Philippe Destatte, directeur général de l'Institut Destrée. © belga image

« On demande de voir loin alors que le futur n’existe pas »

Directeur général de l’Institut Destrée, l’historien et prospectiviste Philippe Destatte relève l’extrême complexité d’agir par avance en fonction de ce qui est imaginé et de s’accorder sur la priorité d’enjeux non encore visualisables.

« Gouverner, c’est prévoir », est-ce trop exiger de nos gouvernants?

Anticiper signifie imaginer puis agir avant que les événements ou les actions ne surviennent, c’est donc passer à l’acte en fonction de ce qui est imaginé. C’est dire l’extrême complexité du processus et si notre rapport à l’avenir est difficile. La maxime s’accommode mal de cette logique de complexité. Elle renvoie aussi à la responsabilité individuelle. Jeter la pierre au politique, c’est un peu facile et abusif. Il appartient à chacun de se gouverner et donc de prévoir. Or, nous sommes constamment pris en défaut d’anticipation dans notre vie au quotidien.

L’ avenir est donc voué à nous échapper continuellement?

La difficulté face au futur est triple. On nous demande de voir loin alors qu’en réalité le futur n’existe pas puisqu’il n’est ni écrit ni déterminé. On nous demande aussi de voir large alors que les prévisions ne portent jamais que sur un nombre limité de variables, même à l’heure du big data. Nous nous trouvons face à des systèmes complexes qui sont au coeur d’un enchevêtrement d’événements improbables qui, tous, connaissent des émergences et des apparitions soudaines liées aux relations entre acteurs et facteurs au sein du système. Je dois donc m’accommoder de la complexité sans jamais pouvoir la réduire. Enfin, face à des systèmes aussi complexes que le monde, mes outils de connaissance sont limités. Dans notre cadre culturel, mental, intellectuel, scientifique, social et politique, l’approche qui nous fait passer de la question « que va-t-il advenir? » à la question « que peut-il advenir? » et donc à « que se passe-t-il si? », cette approche n’est pas favorisée.

Le dirigeant politique se dit: ne va-t-on pas me reprocher d’ouvrir des chantiers qui peuvent ne pas paraître urgents?
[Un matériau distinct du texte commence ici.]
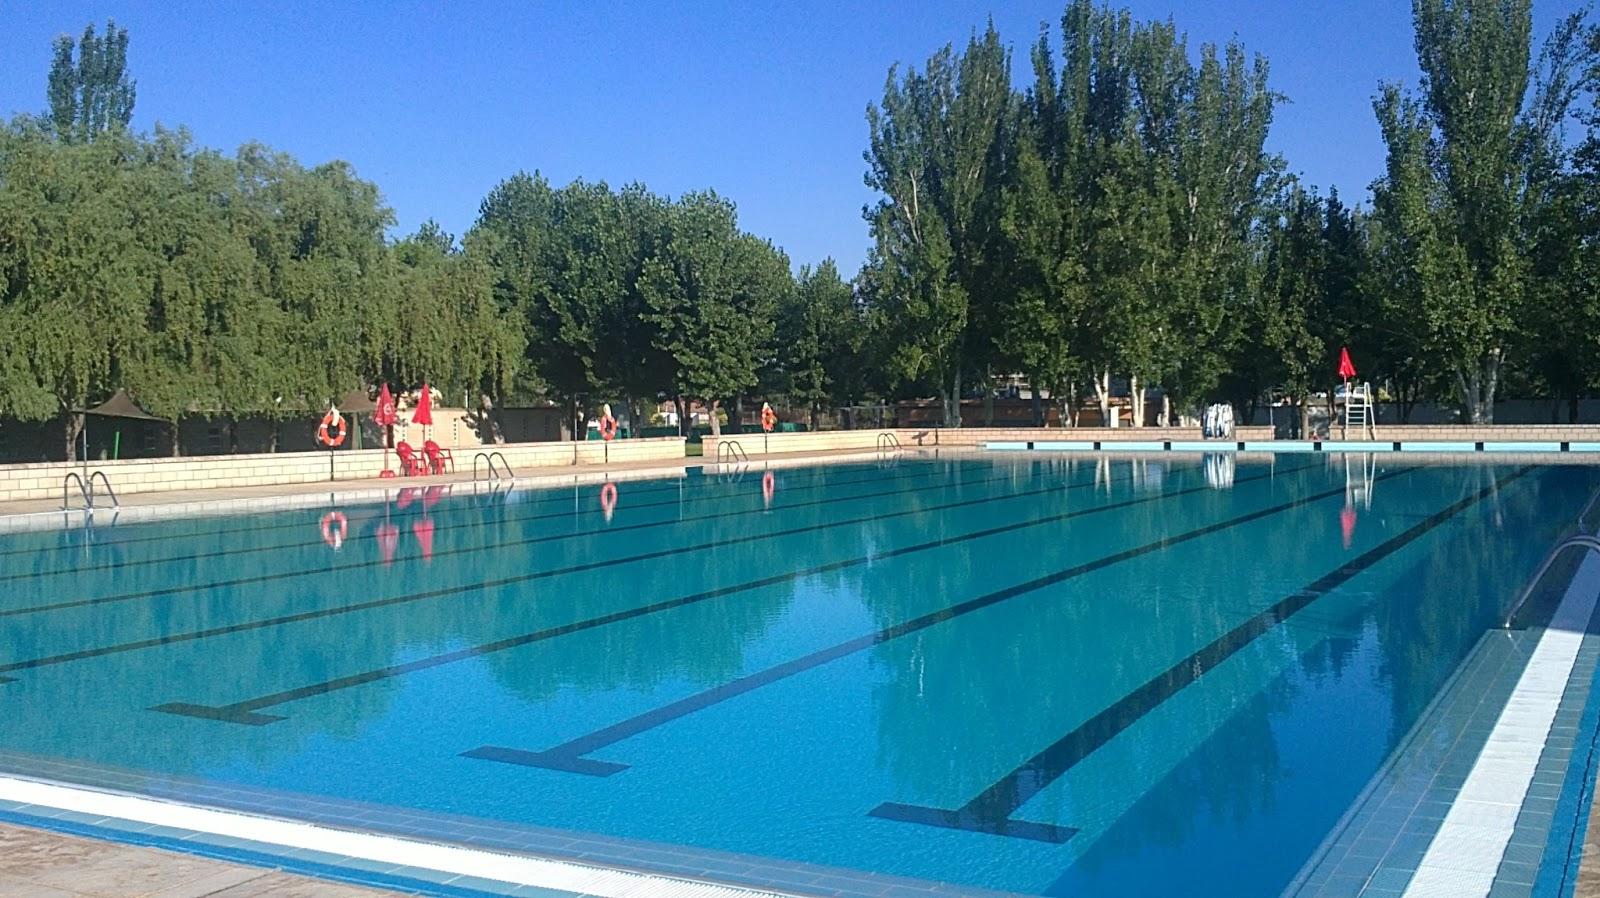 Zafra ciudad deportiva piscina municipal de verano for Piscina municipal ciudad real
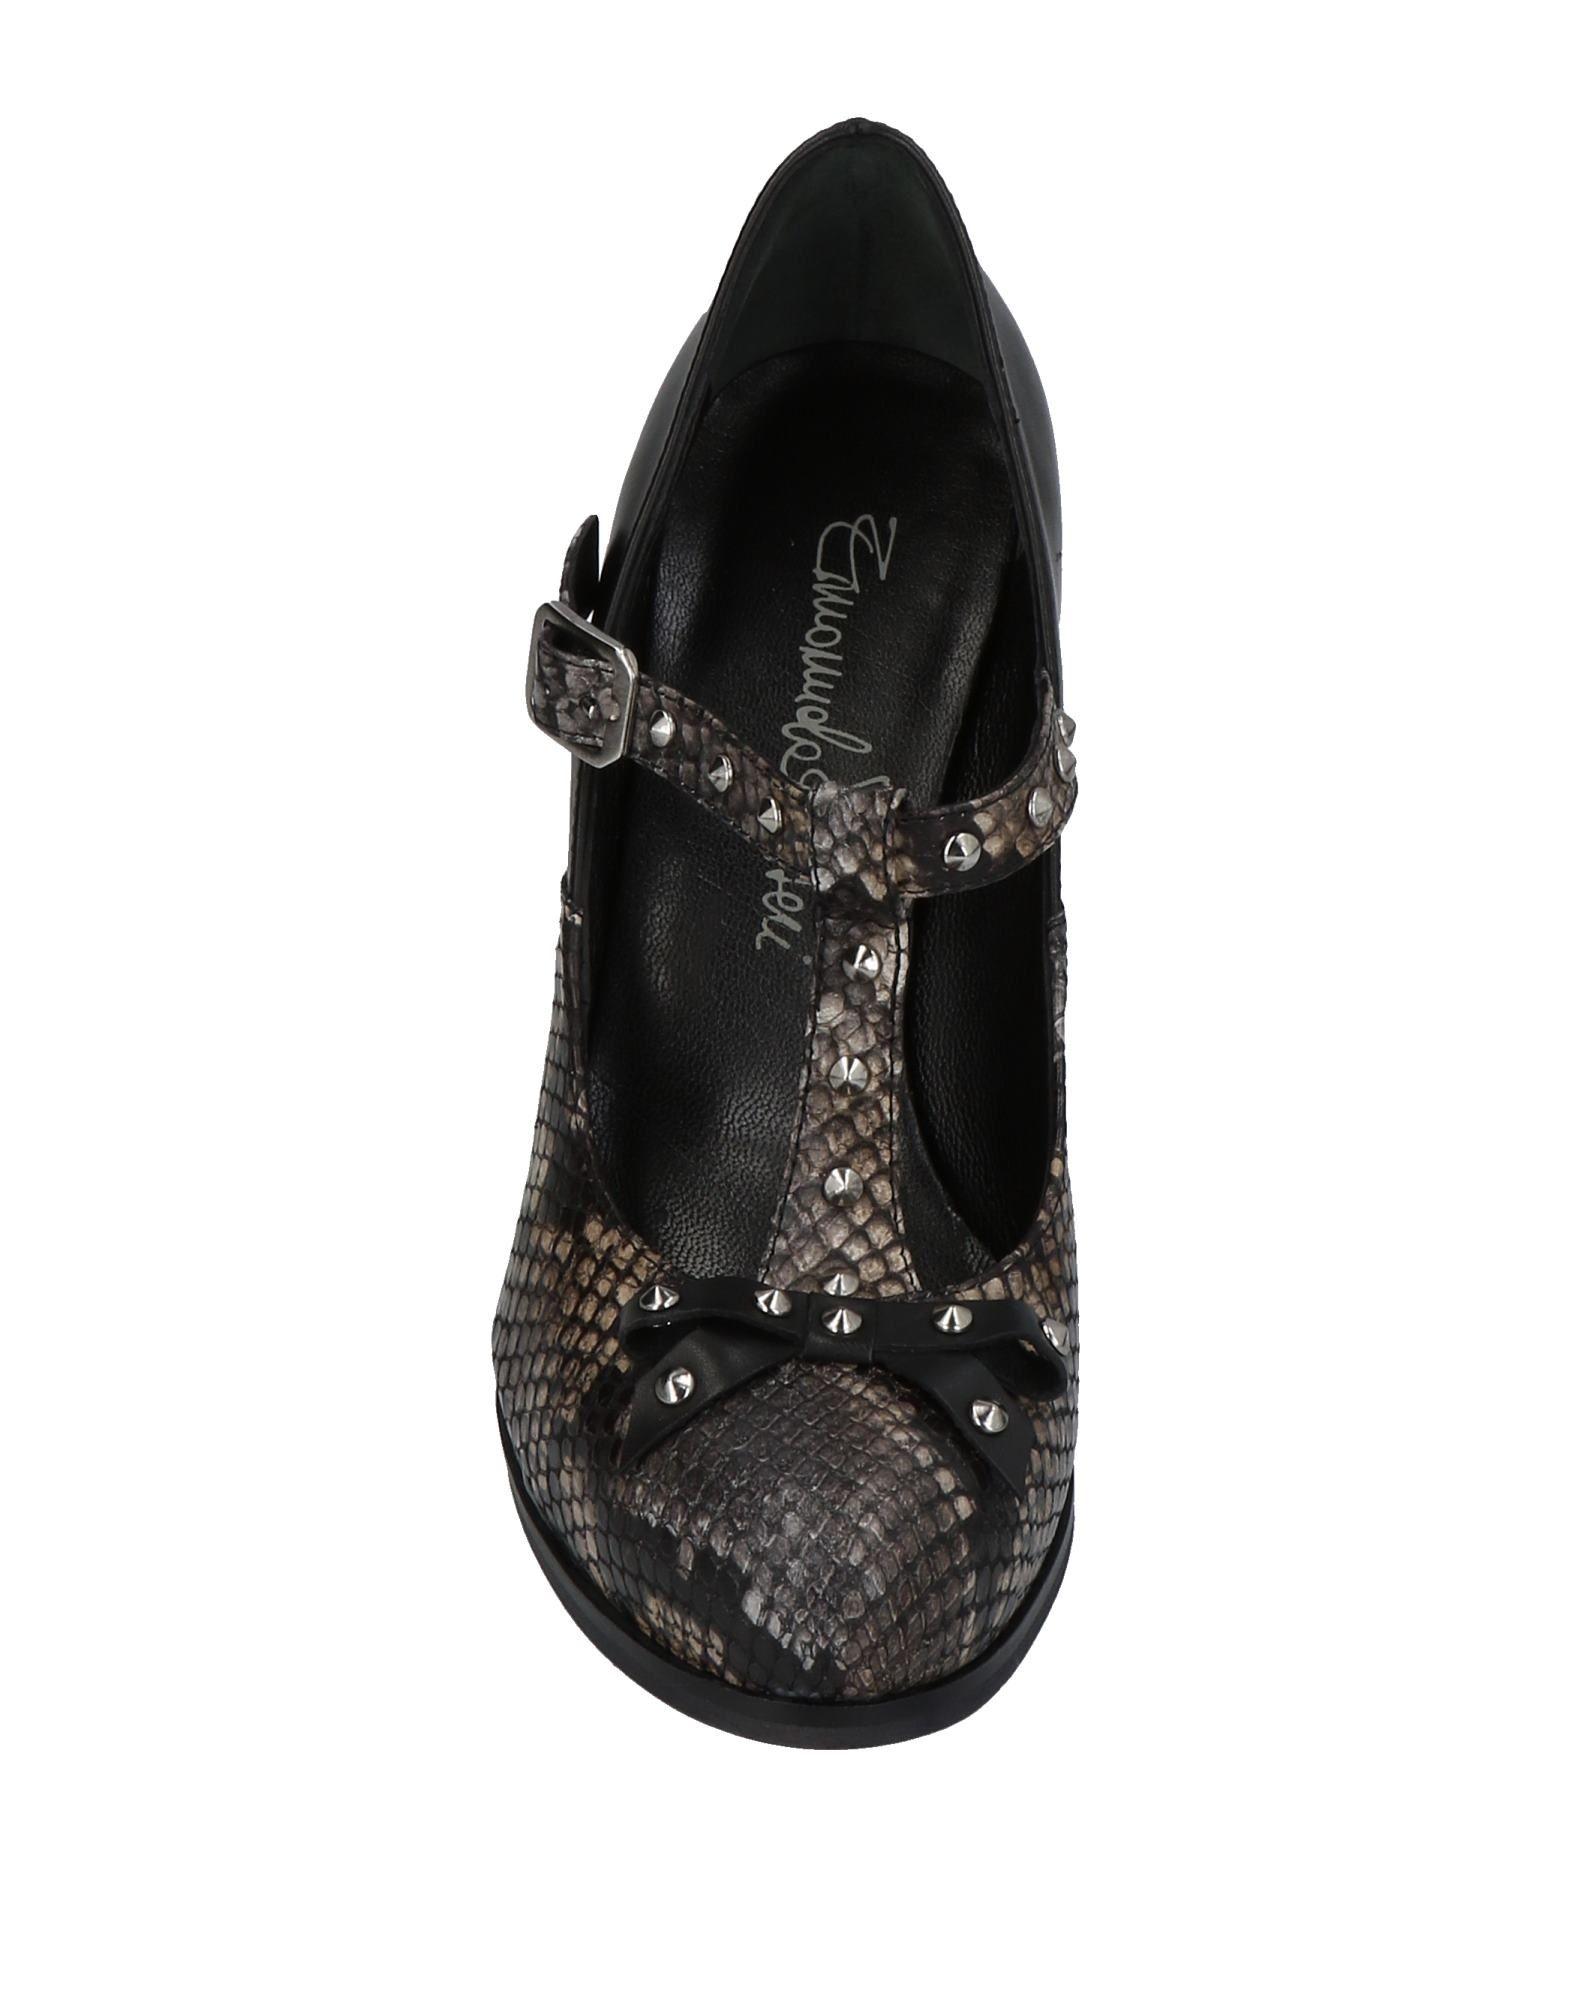 Emanuela Passeri Gute Pumps Damen  11444418DA Gute Passeri Qualität beliebte Schuhe d1ef9f

Cela laisse les dirigeants politiques démunis, voire désemparés face aux peurs du lendemain?

Le dirigeant politique est confronté aux questions centrales de l’ appropriation, de la légitimité et de l’ acceptabilité d’une décision qui se prend au bout d’un processus de dialogue et de négociation avec de multiples interlocuteurs. Le citoyen n’est pas nécessairement prêt à accepter des dépenses de l’Etat pour appréhender des problèmes qu’il ne visualise pas encore. Comme saint Thomas, tant qu’on ne voit pas, on n’y croit pas. Un « Stop béton »? La population wallonne n’est pas nécessairement prête à entendre ce que le politique a à lui dire à ce sujet. Pour l’expert comme pour l’élu, il ne suffit donc pas de dire, il faut prouver scientifiquement, éviter le déni car le lien à l’émotionnel peut être grand. Il ne faut pas négliger le rôle considérable joué par le facteur médiatique. On a longtemps cru qu’une pandémie était un risque acceptable comme dans les années 1960 avec la grippe de Hong Kong (NDLR: au moins un million de morts dans le monde de 1968 à 1970) alors que la vision des victimes de la Covid-19 aux soins intensifs est insoutenable et accroît notre refus du nombre de morts. On se retrouve donc constamment dans la nécessité de s’accorder sur la priorité des enjeux. Construire un agenda politique sur une telle complexité n’est pas du tout évident et le dirigeant politique se dit: ne va-t-on pas me reprocher d’ouvrir des chantiers qui peuvent ne pas paraître urgents?

Comment gagner l’adhésion à un pari fait sur l’avenir?

Gouverner, c’est aussi rendre les choses intelligibles. Le monde politique ne prend pas assez la mesure de l’importance du facteur pédagogique. Il ne vient plus à la télévision s’adresser aux gens, droit dans les yeux, pour expliquer un enjeu qu’il est impératif de relever. Les communications gouvernementales ont disparu, ne subsistent plus que les allocutions télévisées du roi qui en vient ainsi à être le dernier acteur à communiquer encore par ce biais des valeurs aux citoyens.